Exercise description :: For each line below that contains the word "abstract", return that line.

BEGIN Records shown

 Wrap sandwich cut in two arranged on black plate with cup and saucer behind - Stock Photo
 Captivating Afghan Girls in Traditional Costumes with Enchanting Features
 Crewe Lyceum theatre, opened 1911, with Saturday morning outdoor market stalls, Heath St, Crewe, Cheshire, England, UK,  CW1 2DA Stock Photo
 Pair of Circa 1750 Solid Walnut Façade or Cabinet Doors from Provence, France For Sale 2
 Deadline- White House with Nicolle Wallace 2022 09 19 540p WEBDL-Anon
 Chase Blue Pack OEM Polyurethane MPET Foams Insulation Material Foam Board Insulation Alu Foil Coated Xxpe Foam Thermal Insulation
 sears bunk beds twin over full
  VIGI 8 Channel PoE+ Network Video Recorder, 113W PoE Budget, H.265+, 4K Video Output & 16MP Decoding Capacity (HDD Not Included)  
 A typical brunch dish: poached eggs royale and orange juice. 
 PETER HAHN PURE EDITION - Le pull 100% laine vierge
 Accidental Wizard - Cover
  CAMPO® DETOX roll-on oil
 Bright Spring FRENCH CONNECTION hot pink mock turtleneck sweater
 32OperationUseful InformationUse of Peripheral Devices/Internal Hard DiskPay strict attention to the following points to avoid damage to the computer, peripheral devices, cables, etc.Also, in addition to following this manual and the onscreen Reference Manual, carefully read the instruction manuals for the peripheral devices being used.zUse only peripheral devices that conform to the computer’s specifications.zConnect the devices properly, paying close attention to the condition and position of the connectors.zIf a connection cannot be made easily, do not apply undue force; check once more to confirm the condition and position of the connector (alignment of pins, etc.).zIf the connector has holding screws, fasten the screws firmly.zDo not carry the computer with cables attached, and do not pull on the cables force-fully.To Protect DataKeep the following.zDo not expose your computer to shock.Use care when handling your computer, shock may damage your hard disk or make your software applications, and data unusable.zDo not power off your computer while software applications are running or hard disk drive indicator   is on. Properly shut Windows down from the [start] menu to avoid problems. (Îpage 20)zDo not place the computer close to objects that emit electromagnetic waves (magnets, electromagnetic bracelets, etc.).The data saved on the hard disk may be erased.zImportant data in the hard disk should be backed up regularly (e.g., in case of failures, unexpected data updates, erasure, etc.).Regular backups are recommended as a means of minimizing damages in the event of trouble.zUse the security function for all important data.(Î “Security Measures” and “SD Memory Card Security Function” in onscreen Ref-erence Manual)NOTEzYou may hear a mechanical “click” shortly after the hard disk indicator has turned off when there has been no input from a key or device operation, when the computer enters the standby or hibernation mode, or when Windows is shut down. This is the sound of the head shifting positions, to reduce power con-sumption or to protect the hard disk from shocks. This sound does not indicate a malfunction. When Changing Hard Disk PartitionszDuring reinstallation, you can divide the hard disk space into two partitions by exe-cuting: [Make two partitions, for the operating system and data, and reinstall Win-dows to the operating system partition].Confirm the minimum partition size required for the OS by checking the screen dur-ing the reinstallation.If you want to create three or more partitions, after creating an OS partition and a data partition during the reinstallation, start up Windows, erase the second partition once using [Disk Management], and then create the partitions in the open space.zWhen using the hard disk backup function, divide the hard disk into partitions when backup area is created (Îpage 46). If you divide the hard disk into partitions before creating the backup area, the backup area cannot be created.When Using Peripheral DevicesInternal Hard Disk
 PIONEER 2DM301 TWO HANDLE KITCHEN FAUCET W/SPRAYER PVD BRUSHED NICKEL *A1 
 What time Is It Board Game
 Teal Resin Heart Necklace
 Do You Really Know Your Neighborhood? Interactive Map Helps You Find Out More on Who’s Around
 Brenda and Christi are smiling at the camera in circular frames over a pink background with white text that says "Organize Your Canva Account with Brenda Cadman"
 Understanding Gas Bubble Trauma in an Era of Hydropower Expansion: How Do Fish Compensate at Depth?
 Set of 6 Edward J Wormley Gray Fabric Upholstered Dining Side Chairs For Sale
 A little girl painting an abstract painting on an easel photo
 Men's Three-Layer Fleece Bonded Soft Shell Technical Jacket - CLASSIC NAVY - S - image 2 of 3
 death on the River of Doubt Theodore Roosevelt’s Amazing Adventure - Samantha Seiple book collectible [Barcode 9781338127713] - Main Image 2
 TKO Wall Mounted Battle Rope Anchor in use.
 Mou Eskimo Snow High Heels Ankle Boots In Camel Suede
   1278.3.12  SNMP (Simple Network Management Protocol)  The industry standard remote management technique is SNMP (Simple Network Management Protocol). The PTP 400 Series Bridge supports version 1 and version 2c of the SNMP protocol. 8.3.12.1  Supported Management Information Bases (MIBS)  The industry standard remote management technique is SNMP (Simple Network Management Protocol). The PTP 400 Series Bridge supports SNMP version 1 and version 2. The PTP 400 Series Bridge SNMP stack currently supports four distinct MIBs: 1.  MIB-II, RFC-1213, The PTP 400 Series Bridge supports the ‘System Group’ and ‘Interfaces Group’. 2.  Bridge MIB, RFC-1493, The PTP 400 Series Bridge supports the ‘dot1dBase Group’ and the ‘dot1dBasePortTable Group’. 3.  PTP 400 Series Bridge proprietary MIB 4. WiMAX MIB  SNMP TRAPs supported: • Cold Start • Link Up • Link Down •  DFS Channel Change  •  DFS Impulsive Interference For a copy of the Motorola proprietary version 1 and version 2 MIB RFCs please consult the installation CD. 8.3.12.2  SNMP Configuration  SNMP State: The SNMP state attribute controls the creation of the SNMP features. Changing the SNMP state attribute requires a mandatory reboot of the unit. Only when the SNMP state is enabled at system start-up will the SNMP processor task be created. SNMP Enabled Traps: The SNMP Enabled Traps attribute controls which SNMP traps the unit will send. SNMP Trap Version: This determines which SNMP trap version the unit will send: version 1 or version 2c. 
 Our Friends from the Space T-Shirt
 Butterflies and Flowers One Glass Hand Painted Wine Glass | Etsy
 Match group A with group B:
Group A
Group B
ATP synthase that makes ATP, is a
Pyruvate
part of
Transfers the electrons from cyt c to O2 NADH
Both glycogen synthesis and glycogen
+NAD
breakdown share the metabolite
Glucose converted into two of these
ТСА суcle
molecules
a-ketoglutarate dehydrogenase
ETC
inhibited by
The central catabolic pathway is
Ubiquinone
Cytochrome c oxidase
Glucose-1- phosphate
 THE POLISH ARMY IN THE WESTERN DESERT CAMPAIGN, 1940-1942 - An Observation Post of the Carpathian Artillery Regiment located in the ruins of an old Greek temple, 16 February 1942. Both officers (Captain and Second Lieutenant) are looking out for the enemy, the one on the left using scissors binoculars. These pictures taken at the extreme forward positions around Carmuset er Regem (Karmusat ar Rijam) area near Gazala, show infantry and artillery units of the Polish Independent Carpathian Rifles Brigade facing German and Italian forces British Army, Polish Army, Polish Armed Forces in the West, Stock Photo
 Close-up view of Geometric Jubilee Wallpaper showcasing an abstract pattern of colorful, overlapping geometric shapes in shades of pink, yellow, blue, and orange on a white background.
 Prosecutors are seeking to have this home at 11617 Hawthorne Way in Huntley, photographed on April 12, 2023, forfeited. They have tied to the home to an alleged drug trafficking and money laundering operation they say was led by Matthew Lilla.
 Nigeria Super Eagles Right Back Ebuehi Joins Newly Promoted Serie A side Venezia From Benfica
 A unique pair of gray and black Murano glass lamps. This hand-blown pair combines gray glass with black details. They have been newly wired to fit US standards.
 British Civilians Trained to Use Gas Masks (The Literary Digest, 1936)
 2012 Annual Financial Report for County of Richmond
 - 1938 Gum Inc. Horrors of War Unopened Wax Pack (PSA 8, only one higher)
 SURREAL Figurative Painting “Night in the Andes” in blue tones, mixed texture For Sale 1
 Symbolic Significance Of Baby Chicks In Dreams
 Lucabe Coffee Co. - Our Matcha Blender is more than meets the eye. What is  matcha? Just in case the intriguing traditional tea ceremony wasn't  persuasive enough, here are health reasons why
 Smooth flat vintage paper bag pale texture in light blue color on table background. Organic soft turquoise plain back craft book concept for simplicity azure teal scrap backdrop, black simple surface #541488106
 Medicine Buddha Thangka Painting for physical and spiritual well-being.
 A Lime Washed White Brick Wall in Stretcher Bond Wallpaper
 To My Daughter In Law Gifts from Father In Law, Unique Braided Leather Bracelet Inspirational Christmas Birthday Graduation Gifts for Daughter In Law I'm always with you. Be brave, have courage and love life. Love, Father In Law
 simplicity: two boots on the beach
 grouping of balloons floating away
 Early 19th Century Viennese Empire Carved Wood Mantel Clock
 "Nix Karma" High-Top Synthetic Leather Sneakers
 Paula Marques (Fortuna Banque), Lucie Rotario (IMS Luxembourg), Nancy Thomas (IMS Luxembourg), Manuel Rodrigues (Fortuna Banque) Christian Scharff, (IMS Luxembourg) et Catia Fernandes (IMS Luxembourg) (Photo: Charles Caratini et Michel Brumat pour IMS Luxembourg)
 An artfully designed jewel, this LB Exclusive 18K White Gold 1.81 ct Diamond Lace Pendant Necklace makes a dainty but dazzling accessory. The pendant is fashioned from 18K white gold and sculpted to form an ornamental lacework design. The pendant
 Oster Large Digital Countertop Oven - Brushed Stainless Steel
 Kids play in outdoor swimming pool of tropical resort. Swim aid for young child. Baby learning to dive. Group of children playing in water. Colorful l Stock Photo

END Records shown

Task solution ::
 A little girl painting an abstract painting on an easel photo
 Close-up view of Geometric Jubilee Wallpaper showcasing an abstract pattern of colorful, overlapping geometric shapes in shades of pink, yellow, blue, and orange on a white background.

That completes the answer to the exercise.